Компаньонажные группы феодалов оформляли собою, как отмечалось, различные экономические соглашения. Многие из них прямо или косвенно касались совместной эксплуатации крестьянства. Затрагивая лишь сферу распределения сеньориальных доходов, подобные компаньонажи не изменяли основного содержания этой эксплуатации.

Отчасти то же самое можно сказать и про вассальнодолжностные группы. Так, например, непосредственные вассалы брабантского герцога Ионна III (у него их было в начале XIV в. около 2,5 тыс.) обладали по отношению к крестьянам чаще всего иными правами, чем вассалы (20 чел.) Катерины Копманс, державшей от Иоанна III один продуктовый и два денежных рентных фьефа. В свою очередь отношения этих двадцати вассалов с крестьянами, вероятно, отличались от отношений, существовавших у четырех вассалов мелкого землевладельца Франко де Хофштедена, фьеф которого включал лишь 4,5 бонуария45. Чем выше было положение феодала на иерархической лестнице, тем в большей мере содержание взаимоотношений его вассалов с крестьянами могло включать в себя судебно-политические формы эксплуатации. Чем богаче был сеньор, тем скорее его вассалы могли рассчитывать на получение крупных фьефов, позволявших и им в свою очередь приобщиться к методам эксплуатации крестьянства, свойственным сравнительно более крупным вотчинникам. Чем могущественнее был сюзерен, тем скорее мог рассчитывать на его поддержку вассал в случаях не только внутриклассовых, но и межклассовых конфликтов. В общем очевидно, что в разных вассальных группах содержание крестьянско-сеньориальных отношений могло быть неодинаковым. Нетрудно, однако, заметить, что этот факт проистекал не из воздействия вассальных групп как таковых, а лишь из распределения их сеньоров по разным юридическим категориям и имущественным прослойкам. Там же, где наследственный статус и имущественное положение двух (или нескольких) сеньоров были одинаковыми, складывавшиеся вокруг них вассальные группы не различались по содержанию отношений с крестьянами.
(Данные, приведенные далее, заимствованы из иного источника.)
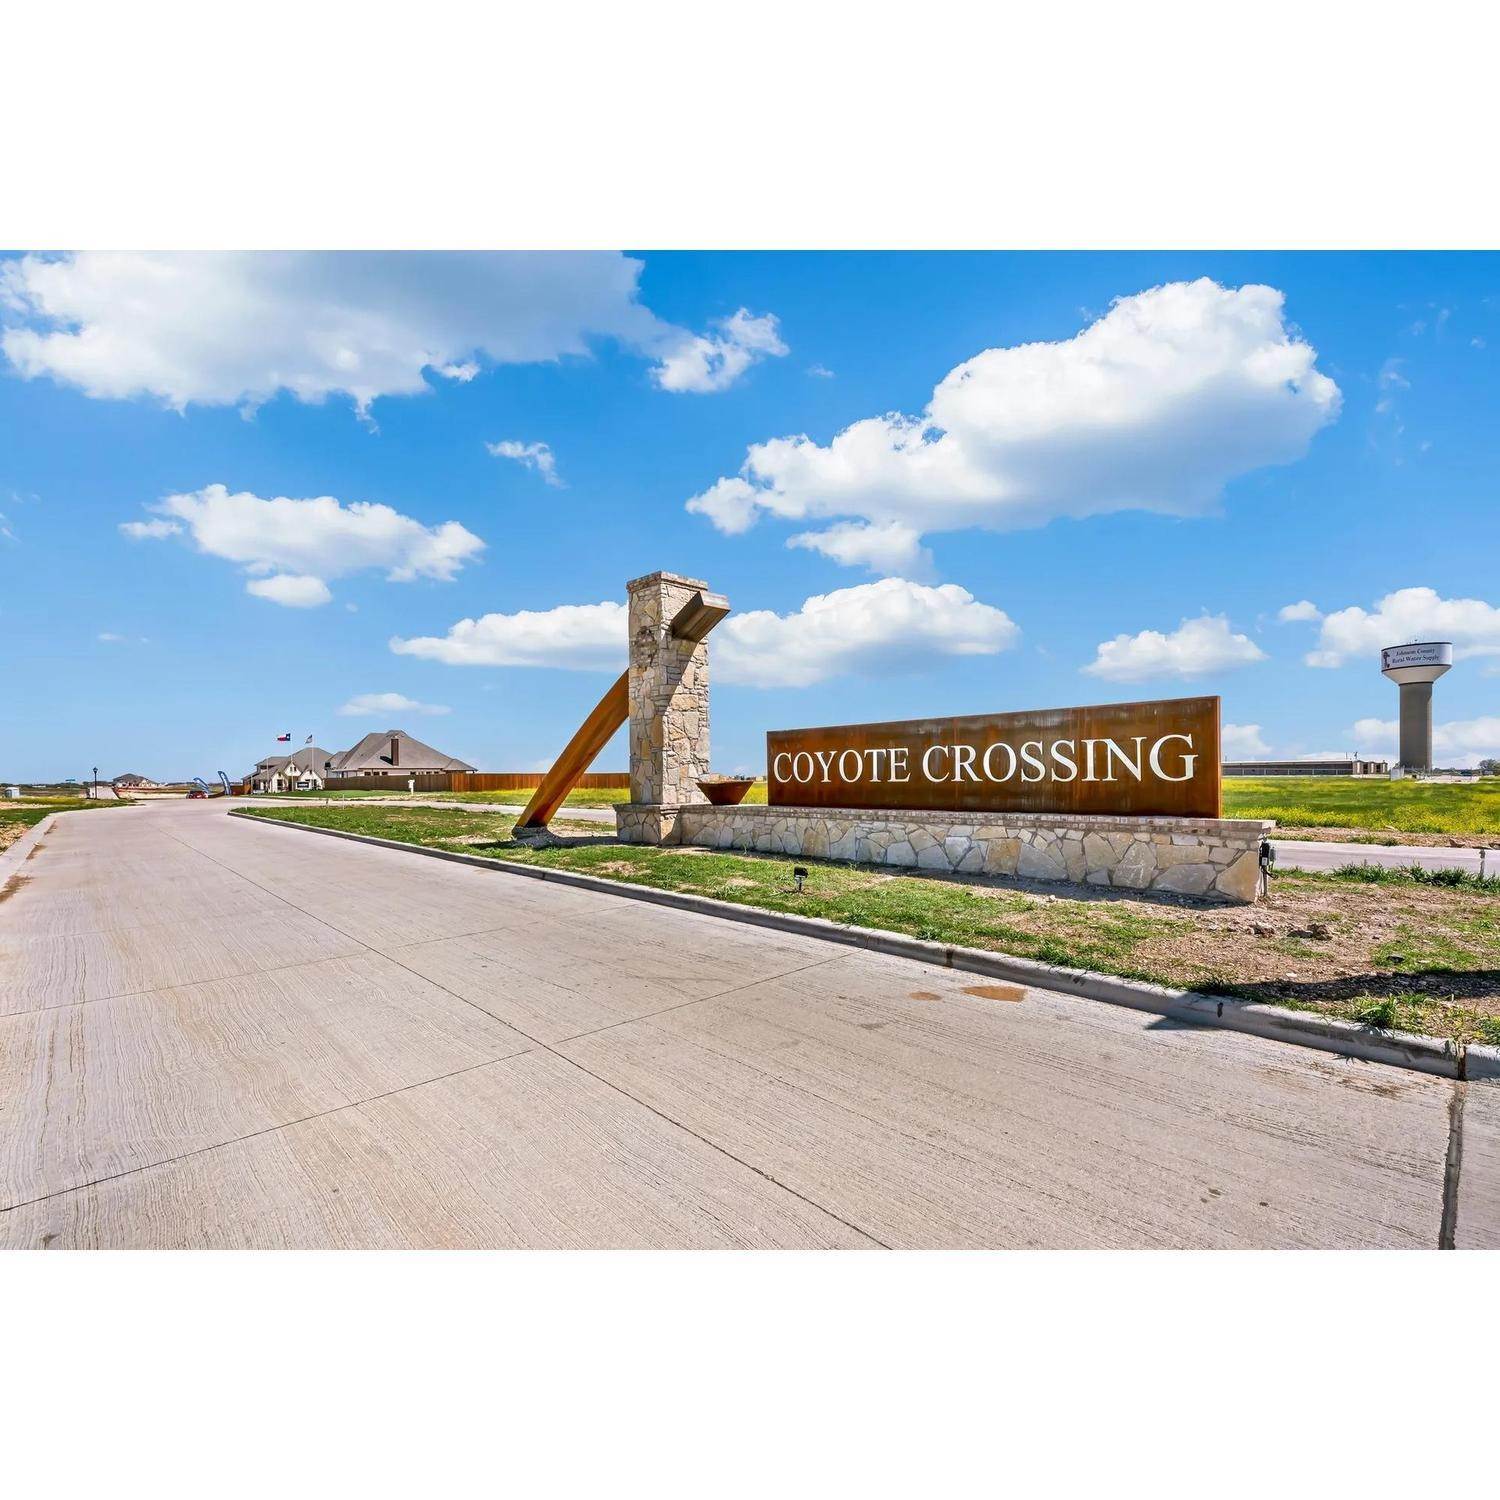 16. Coyote Crossing建於 12529 Yellowstone St, Godley, TX 76044

Говоря о самой возможности влияния вассальных групп на крестьянско-сеньориальные отношения, необходимо, кроме того, учитывать крайнюю внутреннюю неоднородность этих групп. Как видно, в частности, из приводившегося выше материала описей вассалов графов Шампани, герцогов Брабанта, епископа Льежа, в одну и ту же вассальную группу одновременно входили лица разных наследственных категорий и имущественных прослоек. М. Блок вполне справедливо отмечал, что говорить о «равенстве» между такими сеньорами не приходится46. Они были неравны не только по своей роли в сеньориальной курии. Они неизбежно различались и по содержанию их взаимоотношений с крестьянами. Это еще более затрудняло возможность того, чтобы отдельные вассальные группы могли оказать опосредствующее воздействие на межклассовые отношения. Таким образом, при прочих равных условиях переход сеньора из одной вассальной группы в другую или вступление в какую-либо новую группу не изменяли содержание его взаимоотношений с крестьянами.
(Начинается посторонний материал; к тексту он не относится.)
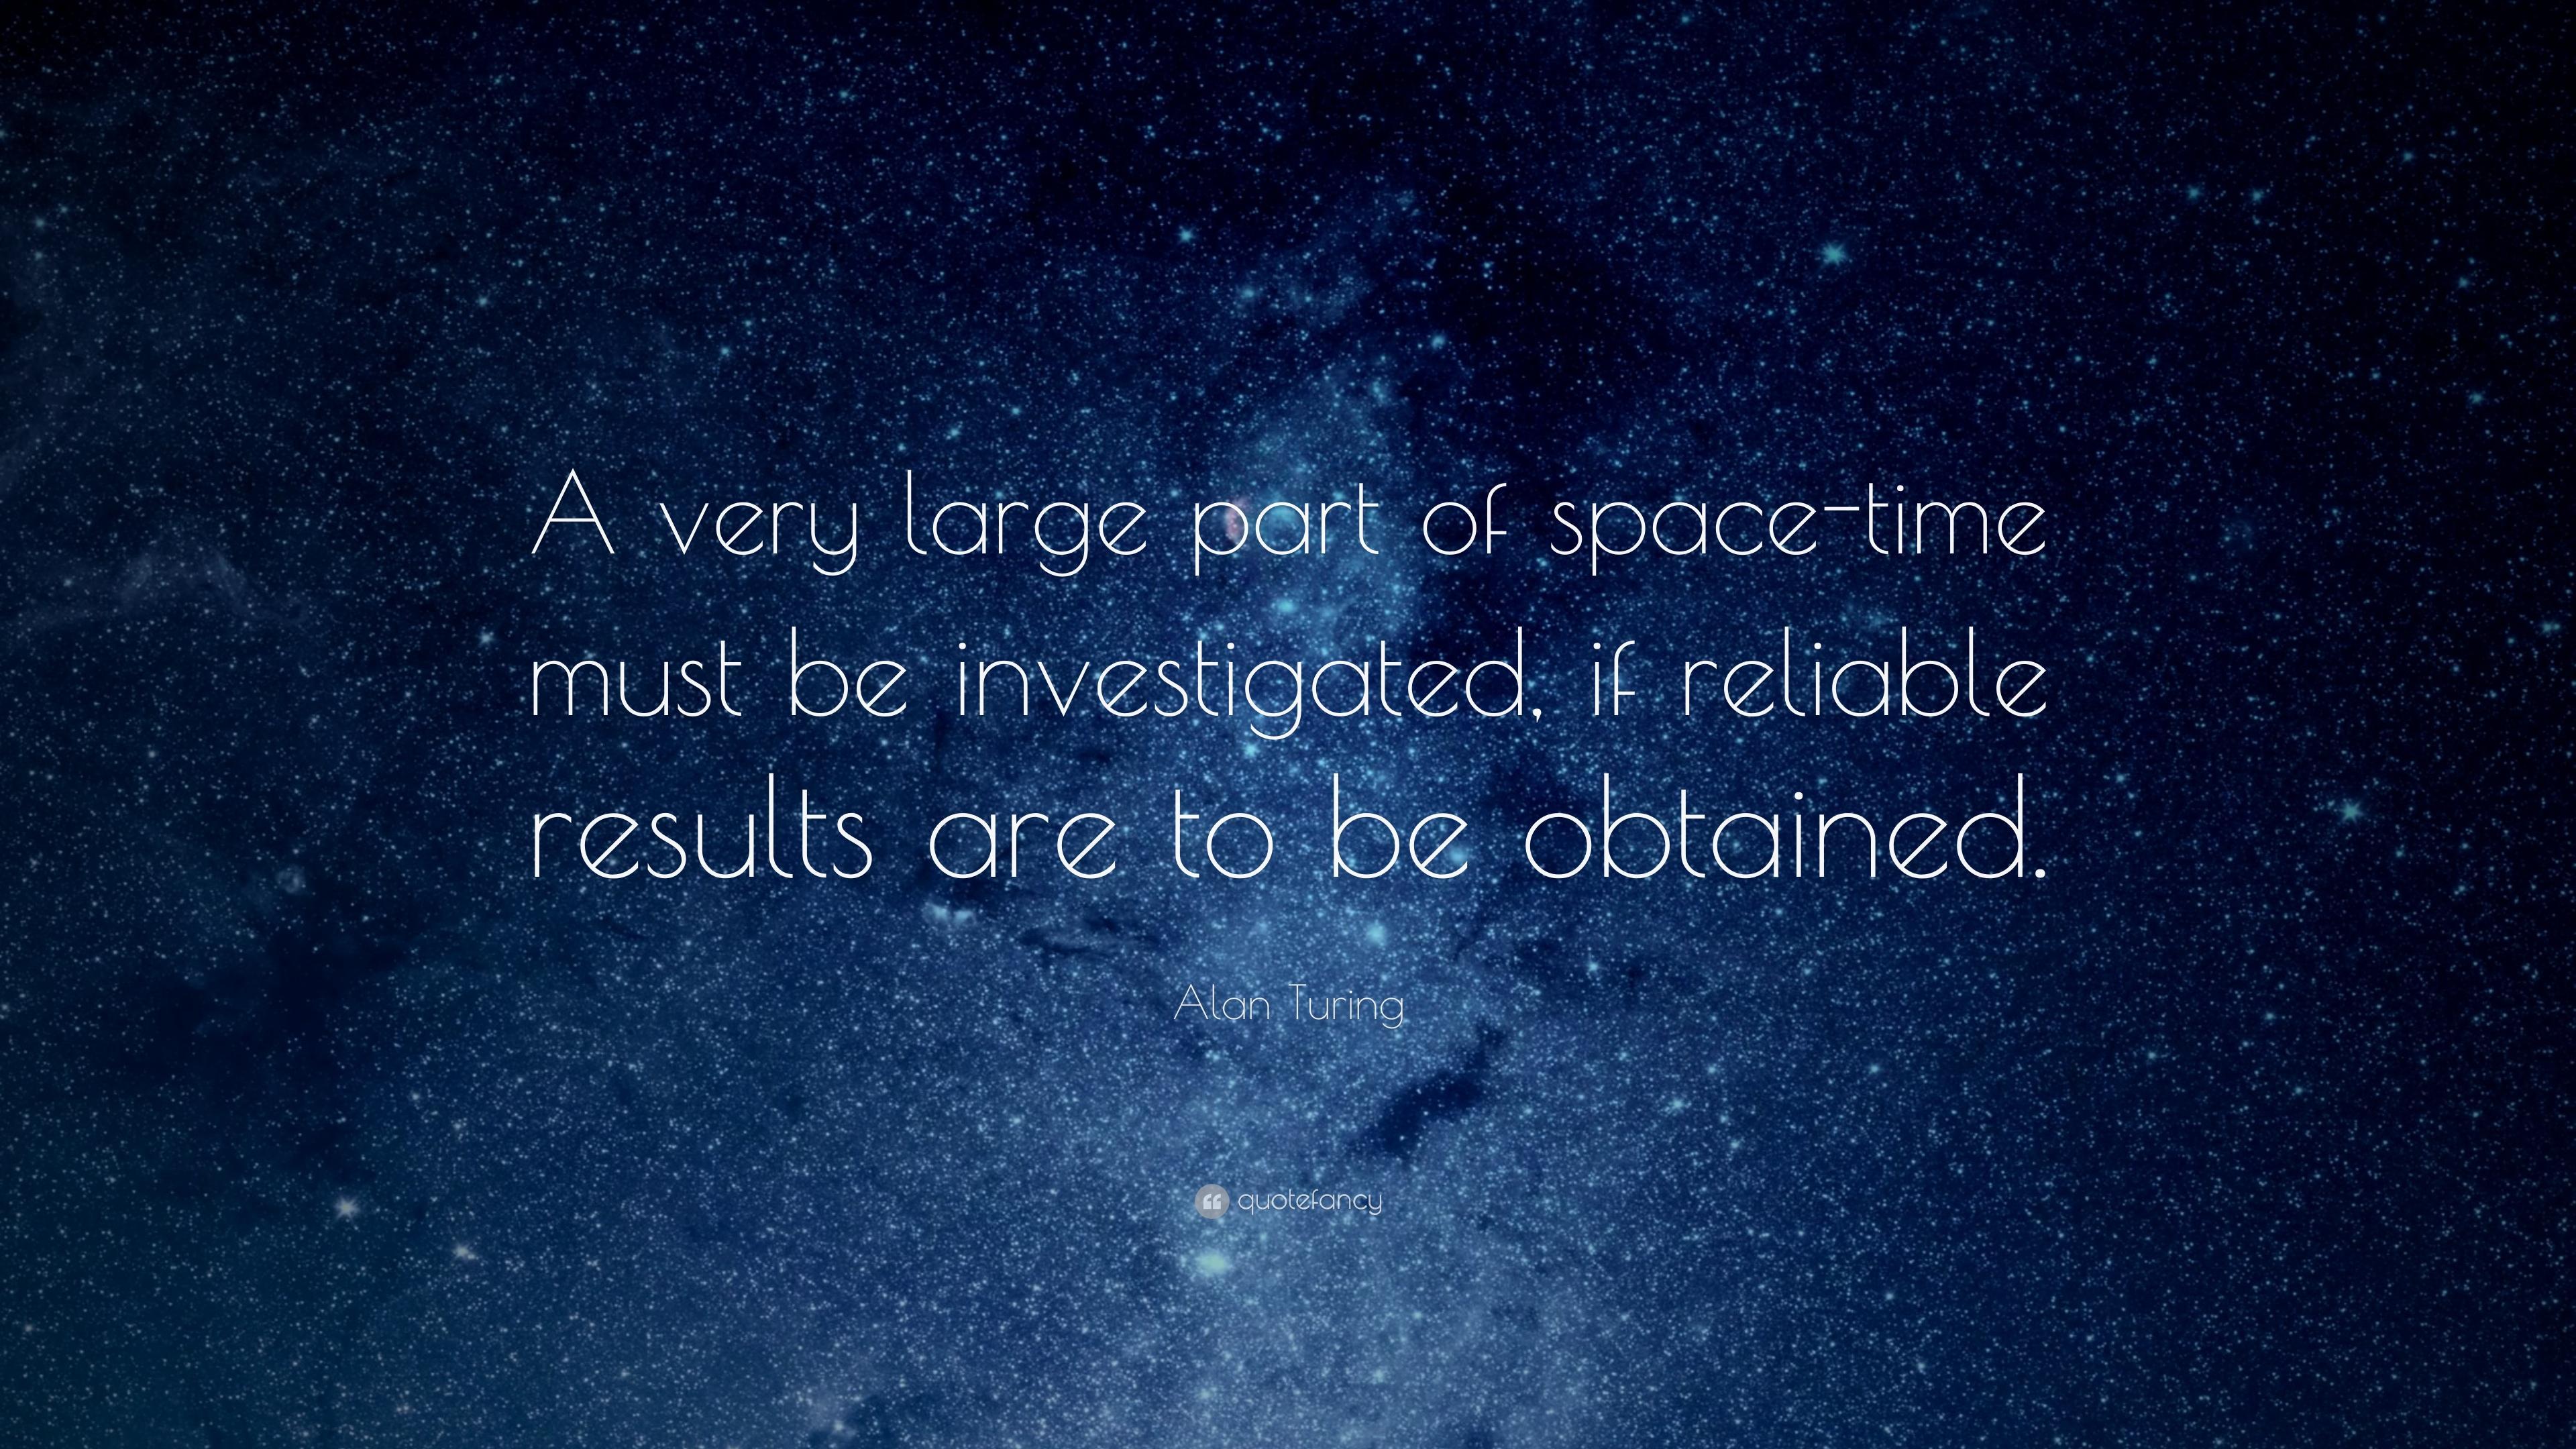 Alan Turing Quote: “A Very Large Part Of Space Time Must Be Investigated, If Reliable Results Are To Be Obtained.” (13 Wallpaper)

Пример вассальных, родственных и компаньонажных групп полностью подтверждает сделанные выше наблюдения об известном соответствии между строением внутриклассовой группы и степенью опосредования ею межклассовых отношений. Три названных вида групп отличались, как указывалось, интенсивностью внутренних связей, а также узостью своего масштаба. Это как раз те особенности построения, при которых внутриклассовые образования имели особенно значительное влияние на внутриклассовые связи, но при которых их влияние в межклассовых отношениях сводилось к минимуму47.

***


Подведем итоги анализу вариантов крестьянско-сеньориальных отношений, складывавшихся между различными видами внутрикрестьянских и внутридворянских подразделений. Принципиальная общность, которая была присуща всем вариантам этих отношений, выражалась прежде всего в том, что в них обязательно сочетались экономические и внеэкономические методы принуждения крестьянства. Это — один из важнейших признаков феодальных отношений в деревне. Существование во всех вариантах крестьянско-сеньориальных отношений черт принципиальной общности свидетельствует о внутреннем единстве господствующего способа эксплуатации крестьянства. Такое единство возможно лишь при условии, что все сельское население по своему социально-экономическому положению поддается разделению на два противоположных класса. Иными словами, наличие черт принципиальной общности во всех вариантах феодальной эксплуатации — это и есть очень важный критерий преобладания в деревне изучаемого периода лишь двух антагонистических классов — сеньоров и крестьян48.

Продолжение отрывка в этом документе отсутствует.